For Greece, now, the question is how long the government holds its nerve as the bills mount. As the legendary football manager Alex Ferguson once said, it’s squeaky bum time.
Data summary:
Elstat today released December data on the country’s commercial transactions — export and import of goods — with the month’s trade deficit dropping 10.8 percent compared with December 2019. For the whole of 2020, the trade deficit fell 18.5 percent as imports shrank by more than exports. Total trade last year — imports and exports — dropped 11.6 percent from 2019.
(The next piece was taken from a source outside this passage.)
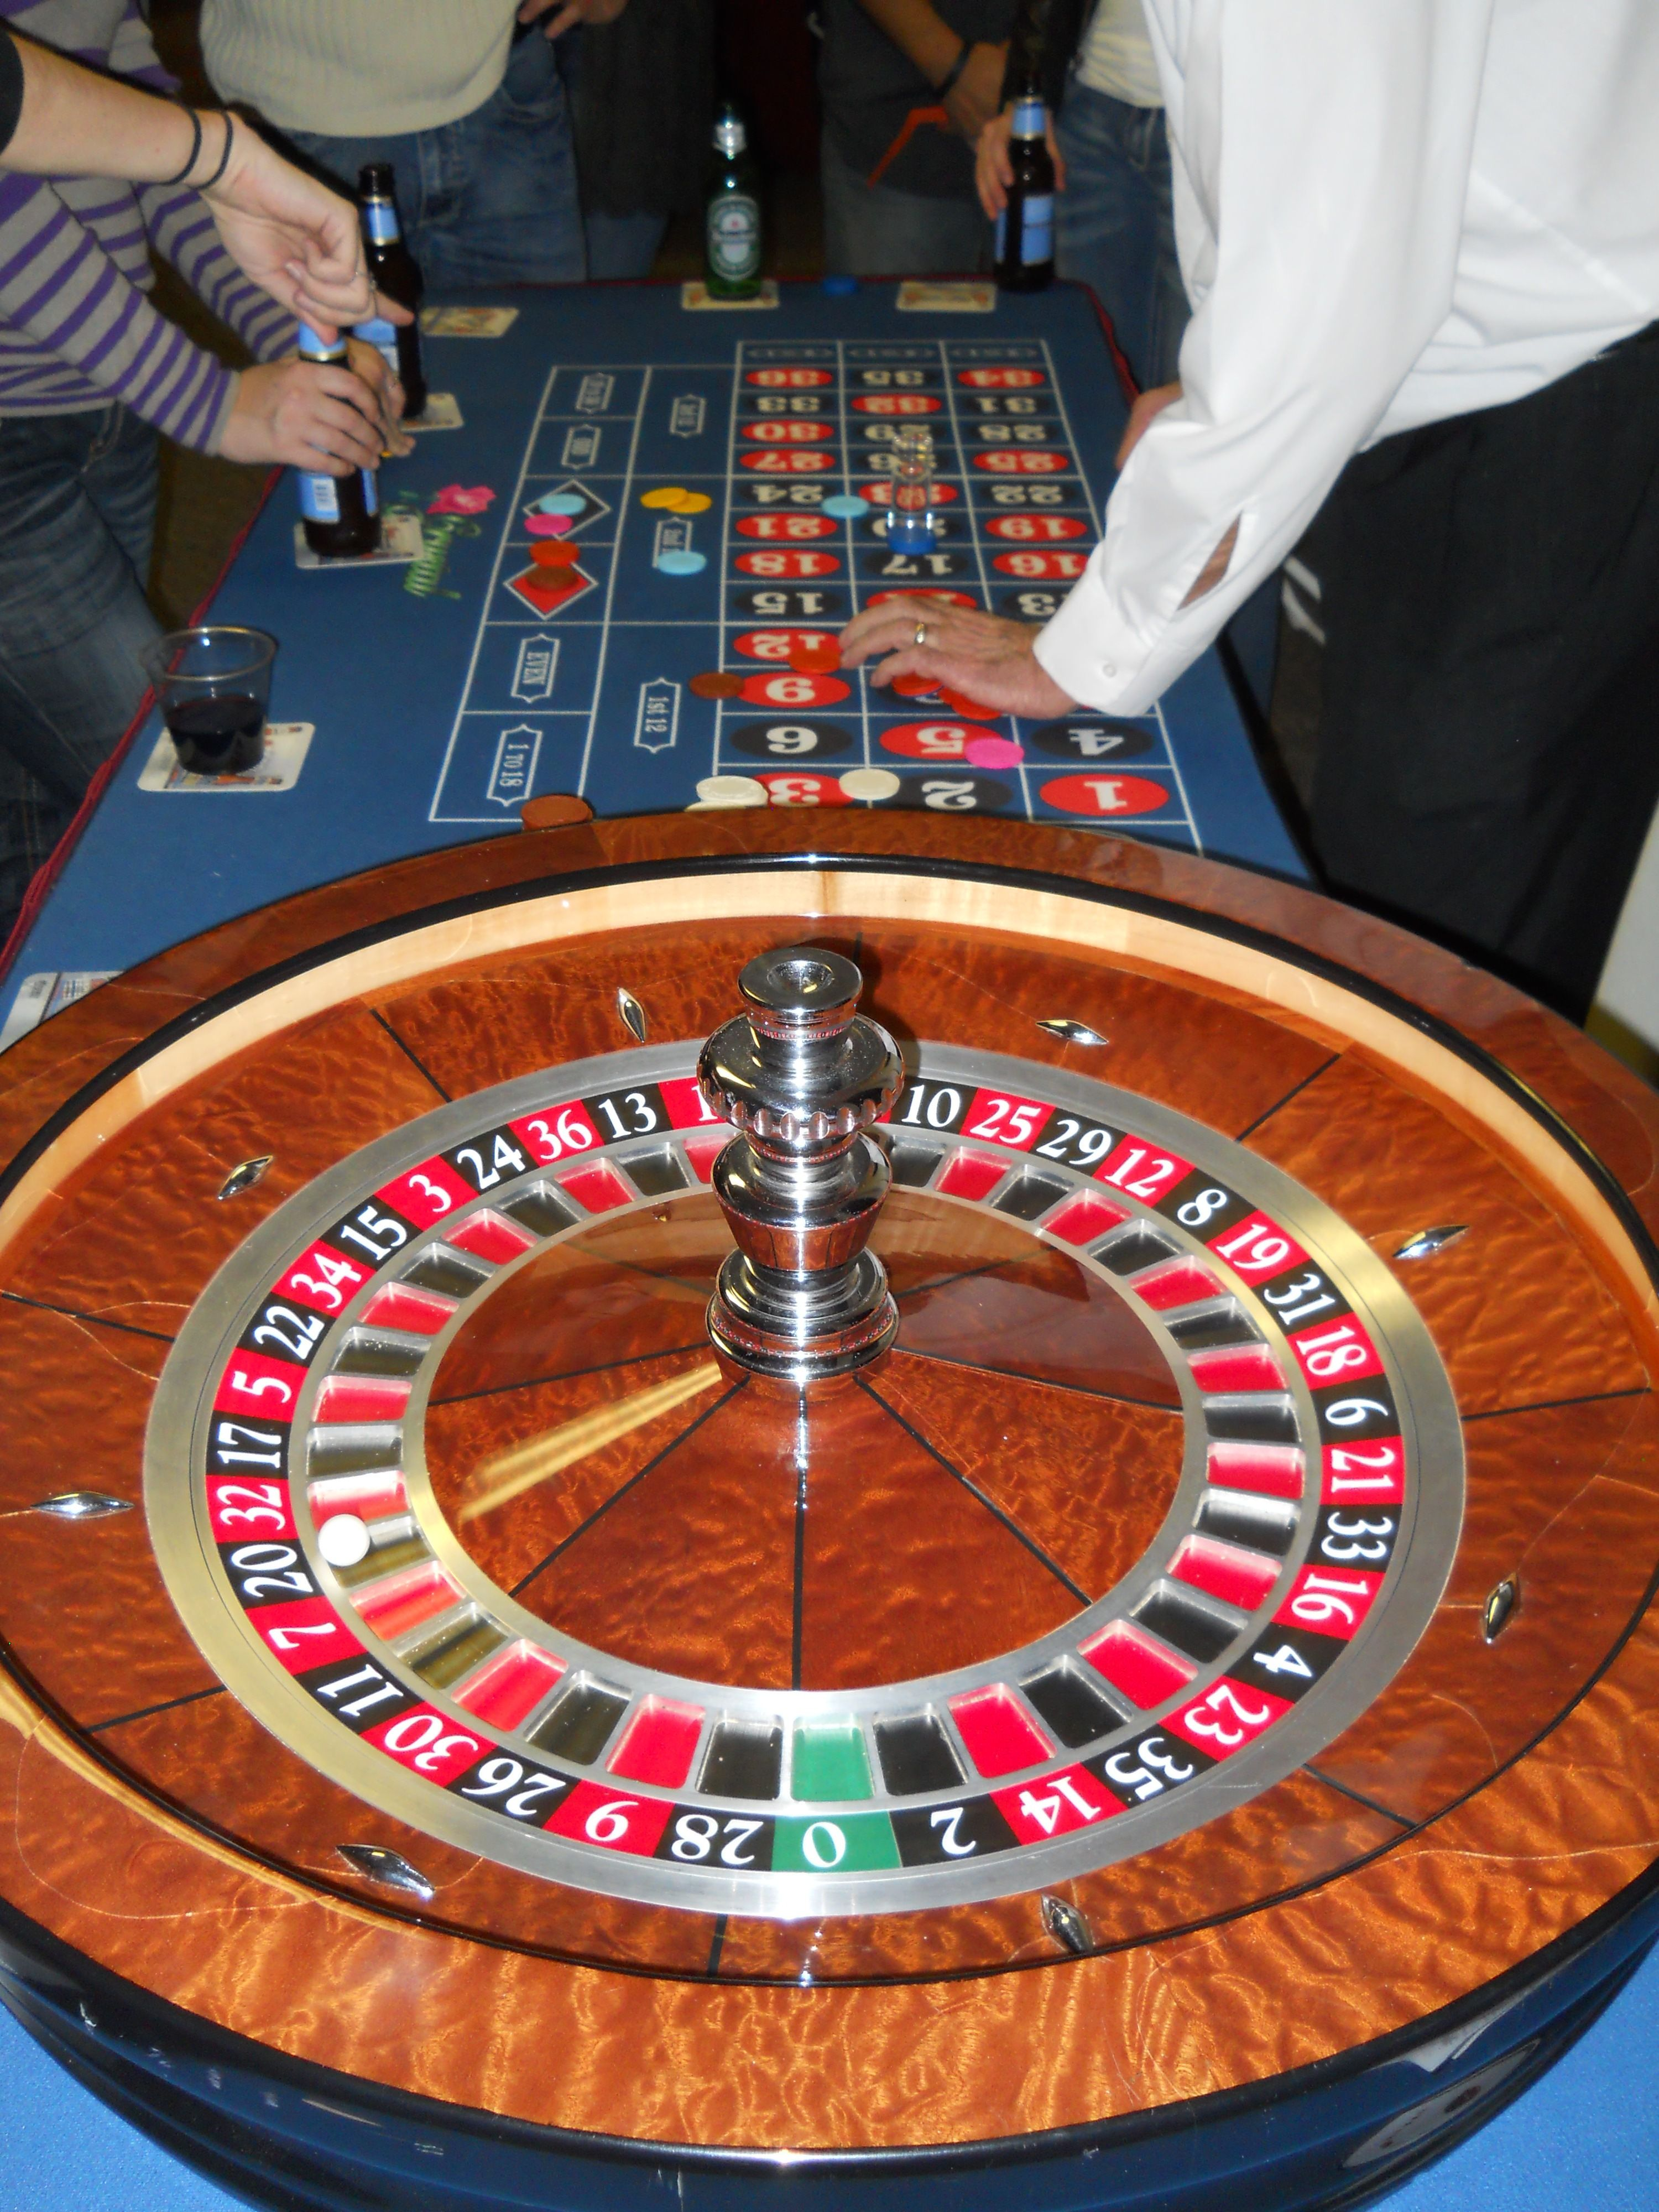 casino night roulette table casino night pinterest. Black Bedroom Furniture Sets. Home Design Ideas

Greece’s manufacturing Purchasing Managers’ Index increased to 50 in January from 46.9, putting it at exactly the level signalling neither expansion nor contraction. Markit noted that firms faced their sharpest rate of cost inflation since July 2008, with a small part of this passed on to customers.
Credit growth addendum
We mentioned the increase in bank lending to the private sector in last week’s roundup, but since the data came out on Friday afternoon I didn’t take a detailed look at the breakdown before the newsletter came out.
Having now done so, the category that most jumped out at me was a surge in business lending with duration between one and five years, a 41 percent annual growth rate in December from 28 percent the month before.
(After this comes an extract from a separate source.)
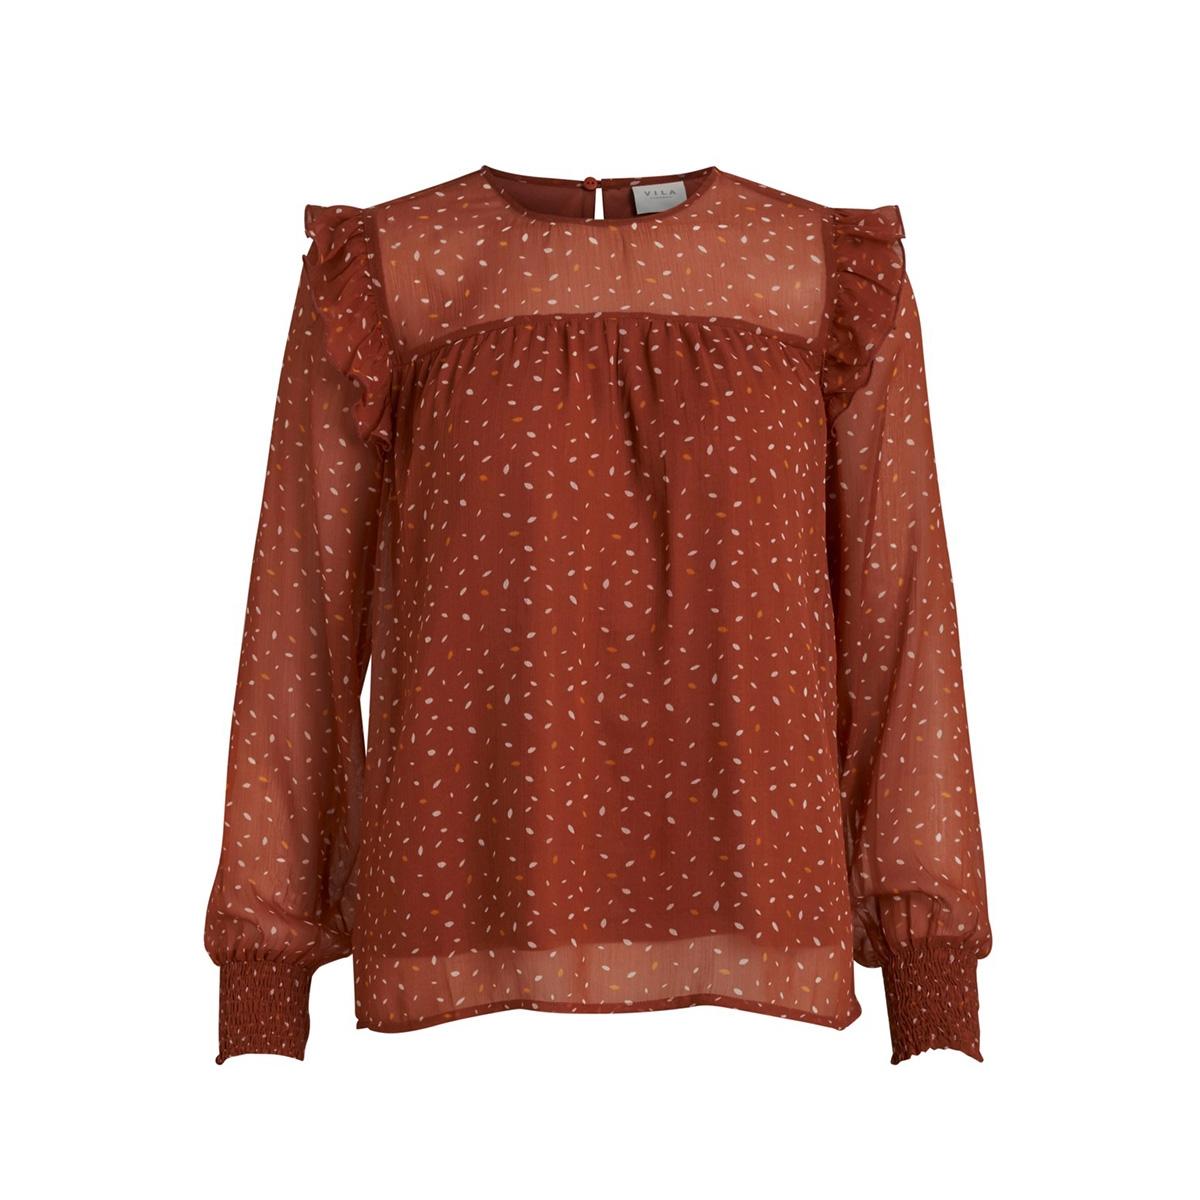 viuta l/s top 14058733 vila blouse copper brown/dots

That duration corresponds with two-year working capital loans, with subsidised interest, that the banks were offering small and medium-sized businesses hit by the pandemic under the government’s TEPIX II vehicle.
The Bank of Greece data breaks down the amount of loans to non-financial corporations going to SMEs, and it breaks down the duration of business loans, but unfortunately it doesn’t offer a breakdown of both. So it’s impossible to say from the data how much of this surge corresponded to working capital loans to SMEs.
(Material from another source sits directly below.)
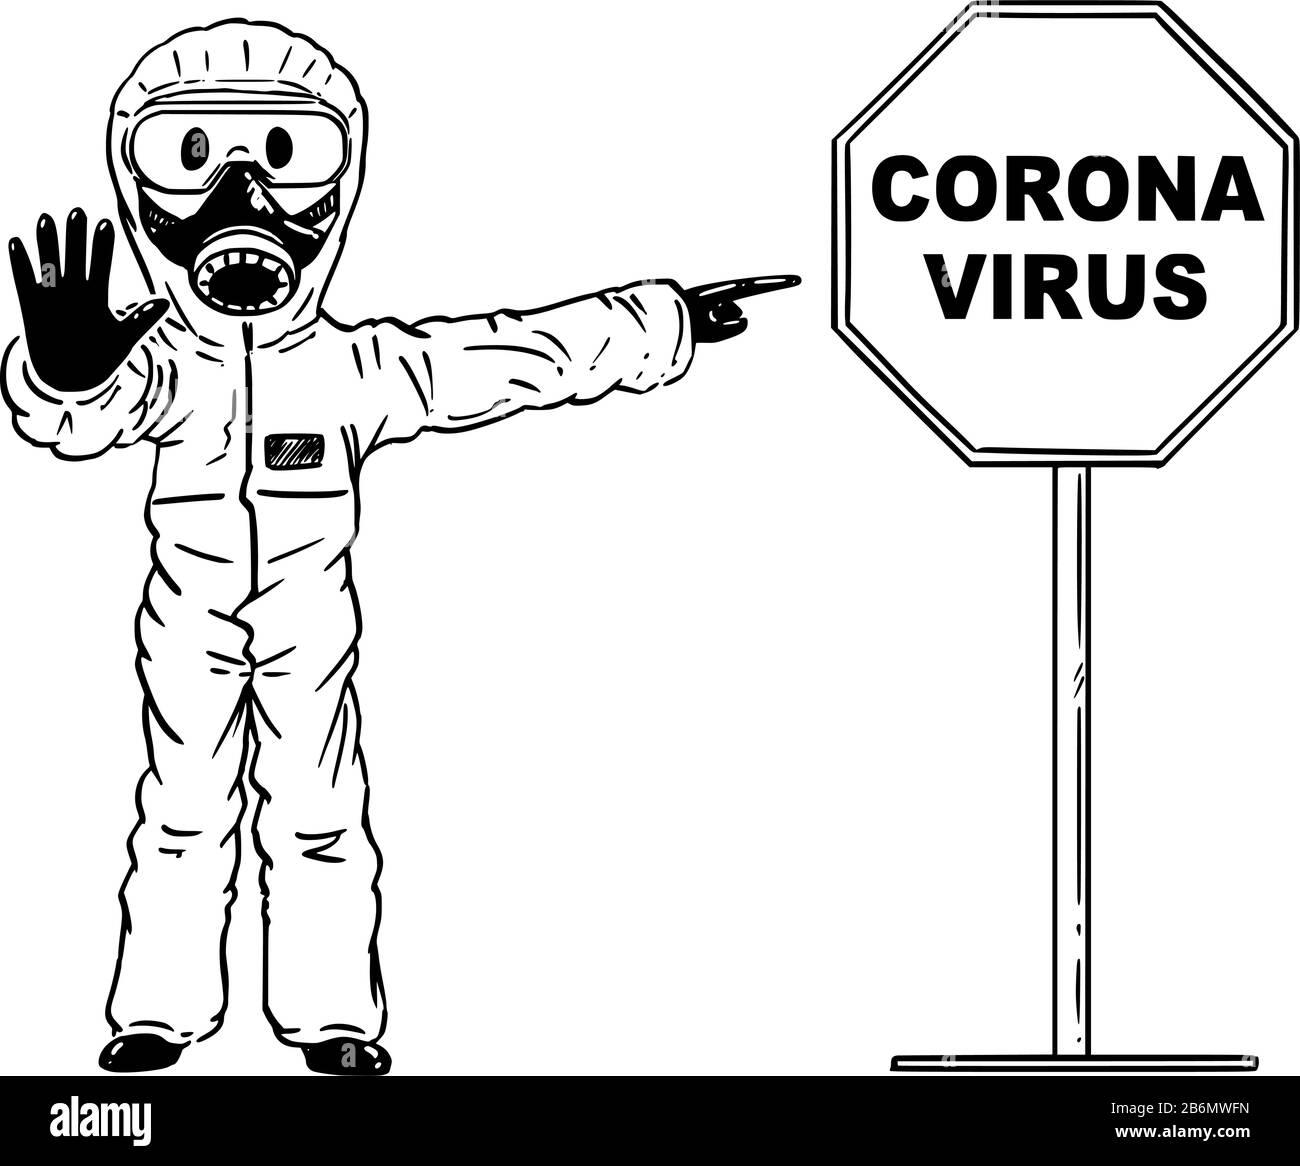 Corona Virus Mask Man Drawing

However, we can see that in the month of December net credit flows to SMEs amounted to 715 million euros from 96 million euros in November. We can also see that the net flow of business loans with duration between one and five years increased 1.18 billion euros, compared with 428 million euros in November.
Loans with a duration of up to one year decreased 191 million euros in December, and have been steadily dropping since April — suggesting that companies have been refinancing existing working capital on more favourable terms.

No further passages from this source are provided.